- The Washington Times - Tuesday, April 21, 2009

PHILADELPHIA (AP) - The Somali teenager accused of participating in the hostage-taking of an American ship captain was on his first pirating mission, his father said early Tuesday.

Abdiqadir Muse (AHB’-dih-KAH’-dir moo-SAY’) told The Associated Press that his son had been outside the family’s home in Galka’yo (GOCK’-ahl-ya) town in Somalia when armed pirates came to get him.

His son, Abdiwali Abdiqadir Muse (AHB’-dih-WAH’-lee AHB’-dih-KAH’-dir moo-SAY’), left with the pirates about a week and a half before he surrendered to the U.S. Navy and ship captain Richard Phillips was rescued on April 12, he said.

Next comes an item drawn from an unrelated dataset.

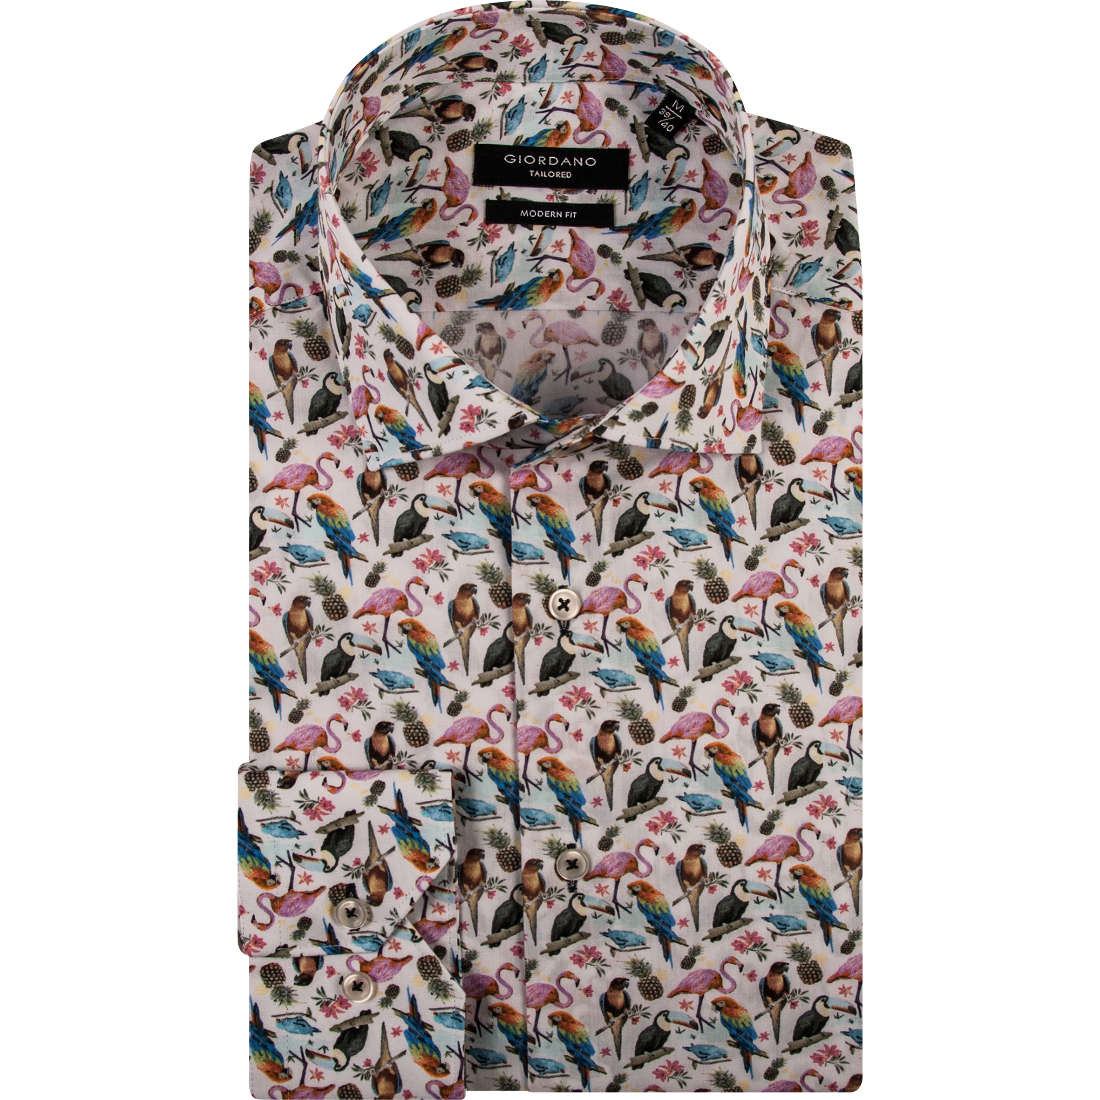 Giordano overhemd Modern Fit 91-7815 in het Multicolor

Muse said by telephone through an interpreter with the Minneapolis-based Somali Justice Advocacy Center that the pirates lied to his son, telling him they were going to get money. The family is penniless, he said.

“He just went with them without knowing what he was getting into,” Muse said.

He gave his son’s age as 16, which the boy’s mother had previously said. A law enforcement official said he is at least 18, meaning prosecutors will not have to take extra legal steps to try him in a U.S. court.

Muse called his son a good boy and a “very well-disciplined young kid.” He had been going to an Islamic school at the time he left with the pirates, Muse said.

The teenager is in custody in New York awaiting a Tuesday court hearing where he is expected to face piracy and hostage-taking charges.